Tag Archives: summary

FTBE paper published in Chaos and braidlab v.3.2 released

I’m happy to report that AIP Chaos published our paper on Finite-Time Braiding Exponents (co-authored with Jean-Luc Thiffeault):
MB. and Thiffeault, J.-L. Finite-time braiding exponents. Chaos: An Interdisciplinary Journal of Nonlinear Science 25, 087407 (2015).

In this paper, we use braid group generators to represent the entangling of trajectories of a dynamical system, and compute the Finite-Time Braiding Exponent (FTBE). FTBE should represent a finite-time, finite-information version of the topological entropy of the flow, and we show evidence that this is really the case.
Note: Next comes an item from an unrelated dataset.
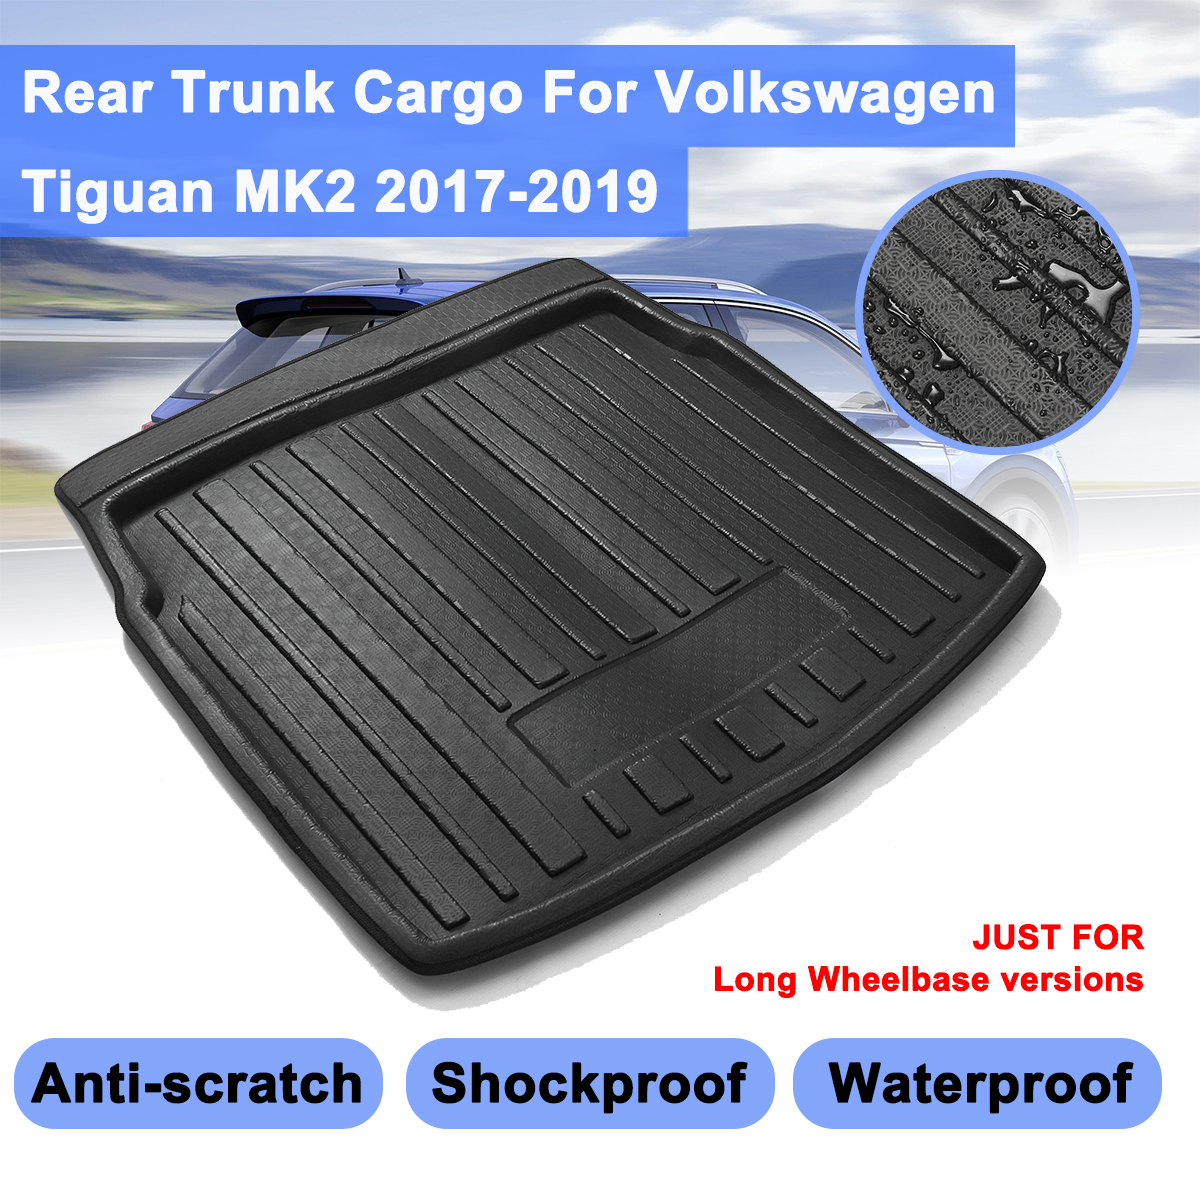 Car Cargo Liner Boot Tray For VW Tiguan MK2 For Volkswagen2017 2018 2019 Rear Trunk Cover Matt Mat Floor Carpet Kick Pad

A graph from the AIP Chaos paper on FTBE.

Mean FTBE and top. entropy correlate, and almost-match as number of strands is increased (Fig. 10 from the paper)

In addition to publishing a paper, we have also released the new version of our MATLAB toolbox braidlab (v.3.2) which was used for all computations in the paper. You can see the release notes on our GitHub repository, as well as download source and compiled versions of the toolbox. Please let us know if you’re using braidlab and, especially, submit any problems with it to our issues page.

Finite-Time Braiding Exponents

Jean-Luc Thiffeault and I have just uploaded our paper on Finite-Time Braiding Exponents (FTBE) to arXiv. In the paper we study how closely topological entropy of a mixing dynamical system can be approximated by sampling only finitely many trajectories from the flow.

Based on numerical results (obtained using braidlab 3.1), we find that FTBEs of finitely-many trajectories converge to topological entropy as number of trajectories is increased. The paper further explores robustness and dependence of  FTBEs on time step, number of trajectories, and their length.